Your exports use the cdecl
calling convention, not stdcall
, so you need to use CDLL
instead of WinDLL
.
test.cpp:
#include <iostream>
#include <string>
using namespace std;
class A {
string name;
public:
A(const string& name) {
this->name = name;
cout << name << ": signing on" << endl;
}
~A() {
cout << name << ": signing off" << endl;
}
void someFunc() {
cout << name << ": calling someFunc" << endl;
}
};
extern "C" {
__declspec(dllexport) A *A_new(const char *name) {
return new A(string(name));
}
__declspec(dllexport) void A_someFunc(A *obj) {
obj->someFunc();
}
__declspec(dllexport) void A_destruct(A *obj) {
delete obj;
}
}
test.py:
import ctypes
lib = ctypes.CDLL('test.dll')
def opaque_ptr(name):
cls = type(name, (ctypes.Structure,), {})
return ctypes.POINTER(cls)
class A(object):
_A = opaque_ptr('CPP_A')
lib.A_new.restype = _A
lib.A_new.argtypes = ctypes.c_char_p,
lib.A_destruct.argtypes = _A,
lib.A_someFunc.argtypes = _A,
def __init__(self, name, func=lib.A_new):
self._obj = func(name.encode('ascii'))
def __del__(self):
self.destruct()
def __enter__(self):
return self
def __exit__(self, exc_type, exc_value, traceback):
self.destruct()
def destruct(self, func=lib.A_destruct):
if self._obj:
func(self._obj)
self._obj = None
def some_func(self, func=lib.A_someFunc):
if not self._obj:
raise RuntimeError
func(self._obj)
with A('test') as a:
a.some_func()
Output:
test: signing on
test: calling someFunc
test: signing off
FYI, WinDLL
is a subclass of CDLL
. The only change is that it sets _FUNCFLAG_STDCALL
in the flags of the function pointers that it creates instead of _FUNCFLAG_CDECL
.
cdll
and windll
are LibraryLoader
instances. These are more useful in Windows, which automatically supplies the .dll extension. For example, you can use cdll.test.A_new
. When used like this, cdll
caches the loaded CDLL
instance, which in turn caches function pointers.

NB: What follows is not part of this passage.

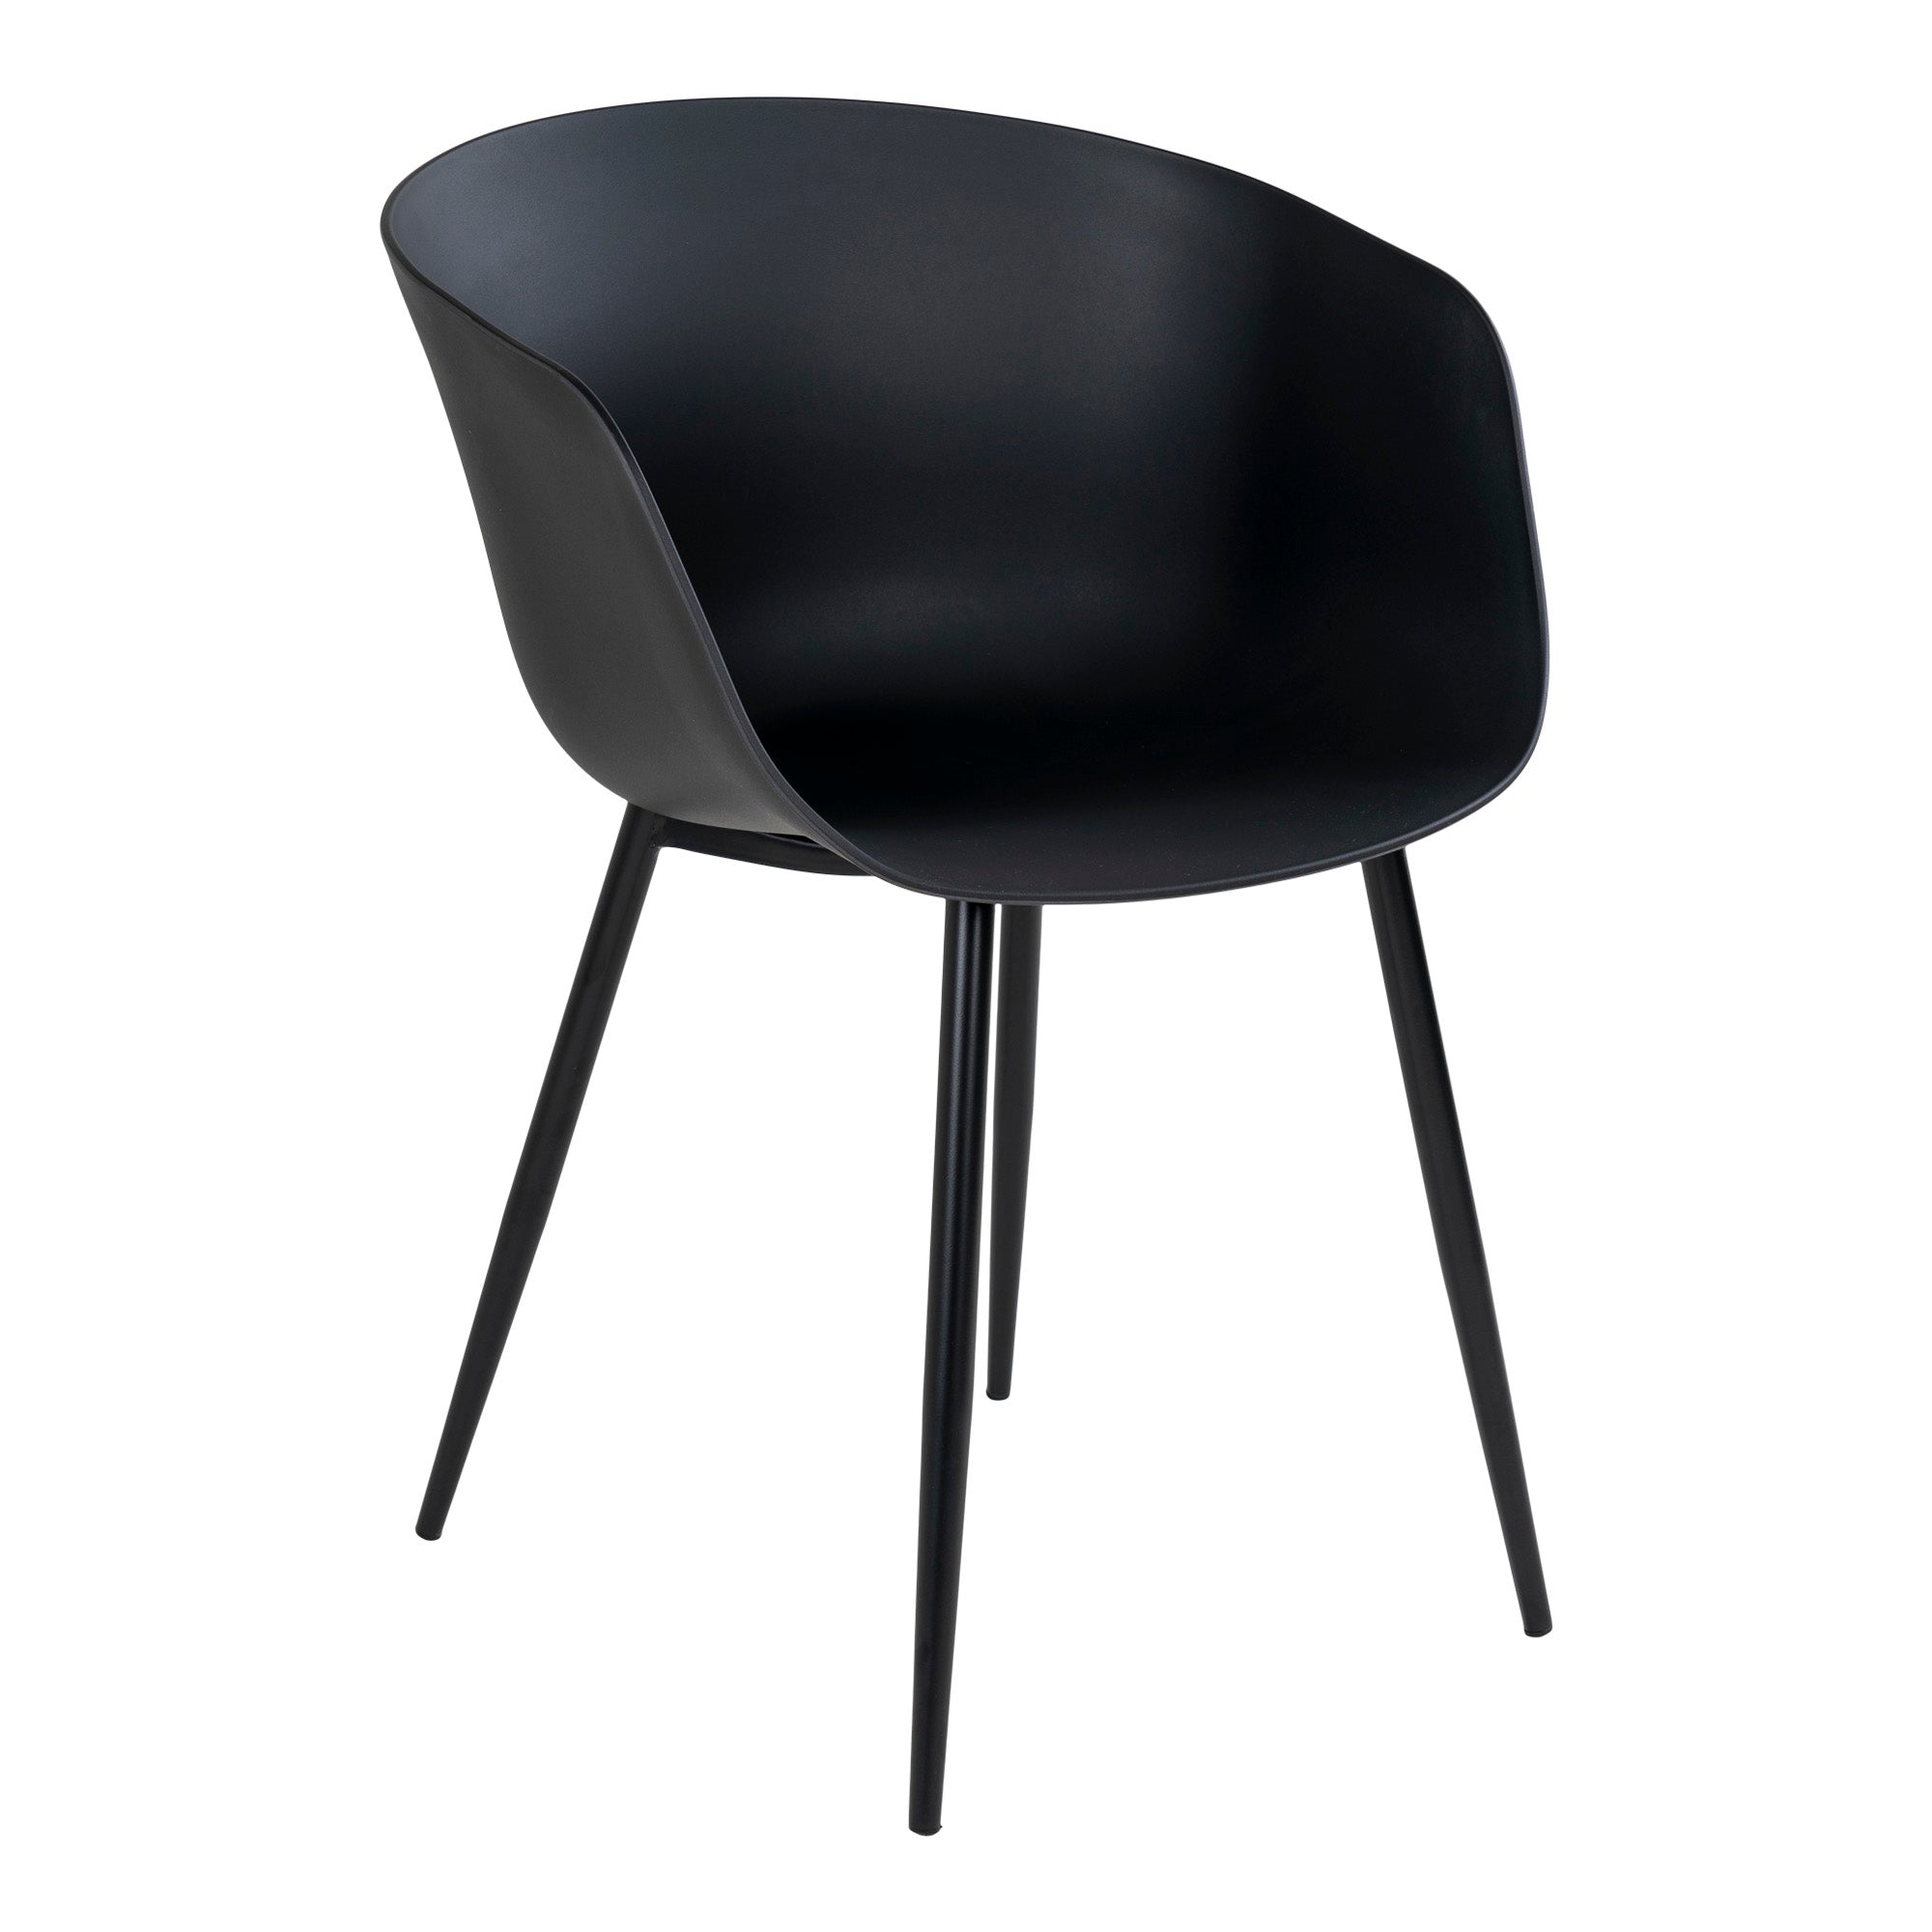 Roda Spisebordsstol - Spisebordsstol, Sort Med Sorte Ben ⎮ Sæt af 2 stk. ⎮ 5713917003914 ⎮ 7001125

Due to the above caching, avoid using the global loader instances when creating a library. Your argtypes
, restype
, and errcheck
definitions on function pointers may conflict with other libraries. Instead use CDLL
or a private loader such as cdll = LibraryLoader(CDLL)
.
Also, cdll.LoadLibrary
returns an non-cached instance of CDLL
. There's no reason to ever call it in place of using CDLL
directly.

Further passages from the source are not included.